FULTON — The city of Fulton on Friday celebrated its long and storied history of manufacturing, paid tribute to present-day industry and unveiled initiatives supporting current manufacturers and future job creators in a ceremony recognizing October as Manufacturing Month.
Fulton Mayor Deana Michaels announced the Manufacturing Month declaration at a Friday ceremony, held on a date widely recognized as National Manufacturing Day. Michaels noted products made in Fulton are “shipped all over the world,” and said as the city aims to improve neighborhoods and the waterfront through various programs, such as the $10 million state Downtown Revitalization Initiative (DRI), officials must not ignore the city’s job creators and the role manufacturing played in the development of Fulton.
“We have a rich history of manufacturing,” Michaels said, calling Fulton “a city that makes things,” ranging from containers to hospital scrubs, food and custom parts for various end uses. “It’s a story we need to talk about, but we also need to talk about the future and what’s possible here in Fulton.”
Michaels recognized Huhtamaki, Davis-Standard, Universal Metal Works and other major and minor job creators in the city and said the Friday event was aimed at kicking off a month of initiatives to support manufacturing in Fulton.
Michaels said Fulton’s future is largely linked to its manufacturers, which invest in employees, technology and equipment and provide residents with high paying jobs and training.
“Our manufacturing partners see a future in Fulton and help to move us forward together” Michaels said. “The city of Fulton recognizes the importance of these relationships today.
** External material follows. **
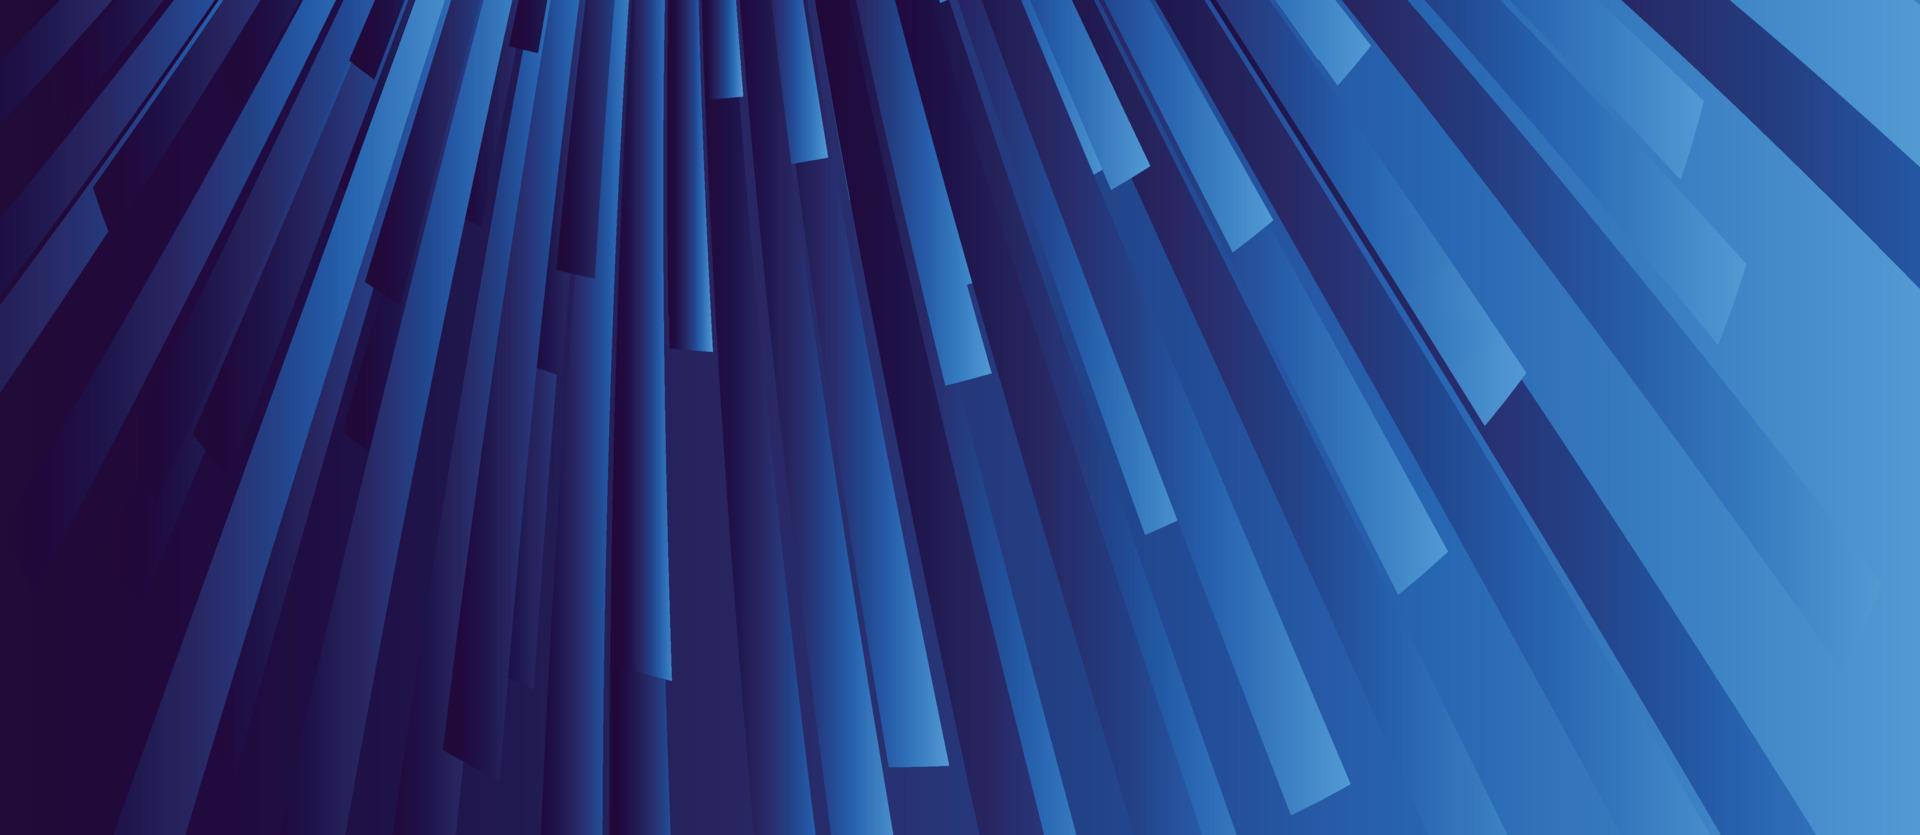 camadas azuis acima umas das outras, modelo de design moderno para o seu negócio, ilustração vetorial com listras e linhas oblíquas vetor

It’s not just about recognizing the past accomplishments but also our commitment to the future success we can achieve together.”
State Assembly Minority Leader Will Barclay, R-Pulaski, said elected officials hold a lot of different events, but recognition of job creators is probably something that does not happen enough.
“The last couple years have been difficult with the pandemic, the shutdowns and the travel restrictions and we know it’s very difficult for businesses to do business in New York state,” Barclay said. “So I want to say ‘thank you’ to all the manufacturers out there that have persevered because it hasn’t been easy.”
Barclay highlighted the importance of manufacturing in the nation, state and locally, noting for every dollar spent on manufacturing in 2019, another $2.79 is added to the economy — the highest multiplier of any economic sector — and for every worker hired in manufacturing there is another five workers hired in other sectors.
Manufacturing in New York in the year ending August 2021 was a $70 billion industry, Barclay said, and 14,000 manufacturing jobs were added in New York during that timeframe.
“It’s the backbone of our economy, particularly here in the city of Fulton,” Barclay said, thanking the product makers and assuring local manufacturers they have an ally in Albany. Several others spoke at the Friday event, including Oswego County Legislator Ralph Stacey Jr., R-Fulton, Greater Oswego-Fulton Chamber of Commerce Director Katie Toomey and representatives from Operation Oswego County, the Manufacturing Association of Central New York and Cayuga Community College (CCC), which is planning an advanced manufacturing institute at its Fulton campus.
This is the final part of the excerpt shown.